En raison de la guerre au Moyen-Orient, la Belgique fait face à des hausses de prix significatives, en particulier dans le secteur énergétique. Dans ce contexte, l’organisation patronale Voka plaide pour l’instauration d’un « saut d’index général » afin de protéger les entreprises des impacts financiers de cette crise. Mais cette mesure soulève des interrogations sur ses effets à long terme, tant pour les entreprises que pour les travailleurs.
Le Voka, représenté par son administrateur délégué Frank Beckx, demande au gouvernement fédéral de préparer un saut d’index général afin de limiter les hausses salariales automatiques en réponse à l’inflation. Ce type de mesure avait déjà été appliqué en 2015 sous le gouvernement Michel pour réduire l’écart salarial avec les pays voisins. Le principe d’un saut d’index consiste à ne pas appliquer les premiers 2% d’augmentation salariale lors de la prochaine indexation, ce qui permettrait d’alléger la charge des entreprises confrontées à des coûts salariaux en constante augmentation.
Voka explique que l’indexation des salaires, bien qu’elle protège le pouvoir d’achat des travailleurs, pèse lourdement sur les finances des entreprises, notamment dans des secteurs déjà fragilisés par la crise énergétique et les tensions géopolitiques. Selon l’organisation, sans cette mesure, les entreprises belges pourraient se retrouver dans une position économique intenable, avec davantage de faillites et de licenciements.

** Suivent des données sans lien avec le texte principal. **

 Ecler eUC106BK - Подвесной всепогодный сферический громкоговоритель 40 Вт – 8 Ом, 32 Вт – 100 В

L’impact de la guerre au Moyen-Orient
La guerre en cours au Moyen-Orient a exacerbé la hausse des prix de l’énergie, en particulier du gaz et du pétrole, alimentant l’inflation et augmentant les coûts de production pour les entreprises. Les salaires en Belgique étant automatiquement indexés à l’inflation, cette situation pourrait conduire à une spirale d’augmentations salariales qui, pour certaines entreprises, deviendrait « le choc de trop », selon Voka. Ces hausses seraient difficilement absorbées par des entreprises déjà soumises à une concurrence accrue, notamment dans le secteur de l’industrie manufacturière et de la distribution.

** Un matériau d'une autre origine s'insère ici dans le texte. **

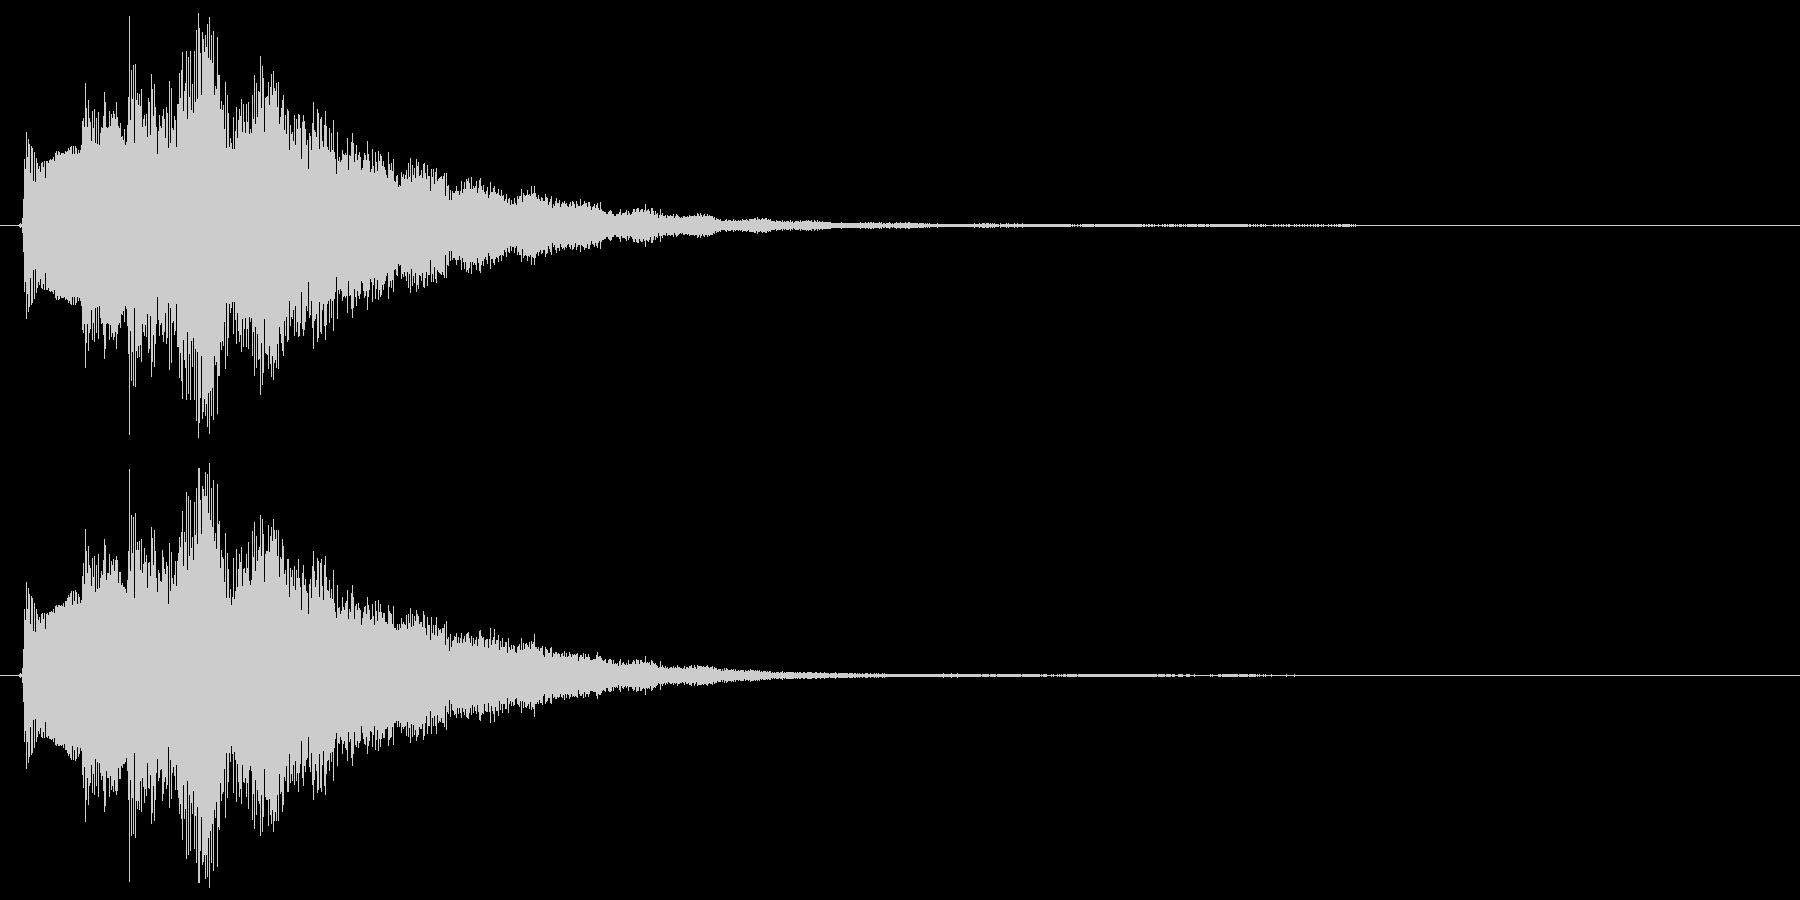 キラーン(決定音、ミステリアス、不思議)の未再生の波形

Un saut d’index général pour éviter des répercussions graves
Le Voka estime que l’instauration d’un saut d’index est cruciale pour donner « un peu d’oxygène » aux entreprises. Frank Beckx, le responsable de l’organisation patronale, avertit que sans cette mesure, le fardeau économique de la crise retombera entièrement sur les entreprises, mettant en péril la compétitivité du pays. Il souligne également que la baisse de la compétitivité des entreprises nuira, à terme, au pouvoir d’achat des ménages belges, une situation qu’il souhaite éviter, rapporte le Soir.

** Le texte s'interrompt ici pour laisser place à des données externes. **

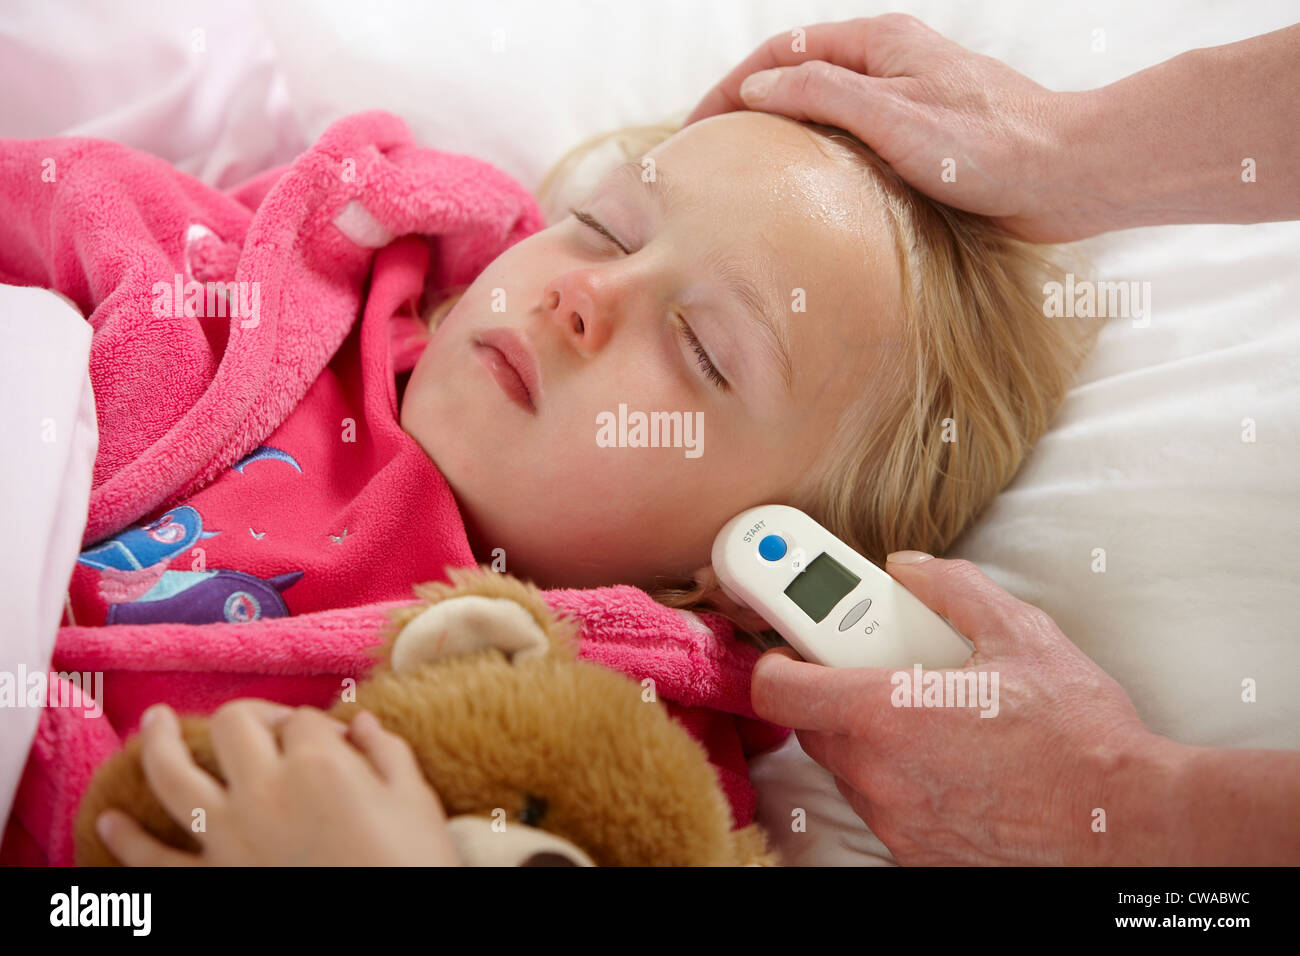 Parent taking daughter's temperature - Stock Image

Cependant, la proposition de Voka suscite des critiques, notamment de la part des syndicats et d’autres experts économiques. Certains estiment qu’un saut d’index réduirait le pouvoir d’achat des travailleurs à long terme et aggraverait les inégalités. Pour d’autres, il s’agit d’une solution nécessaire pour maintenir l’économie belge compétitive sur le plan international, en particulier face aux hausses de coûts imprévues liées aux crises géopolitiques.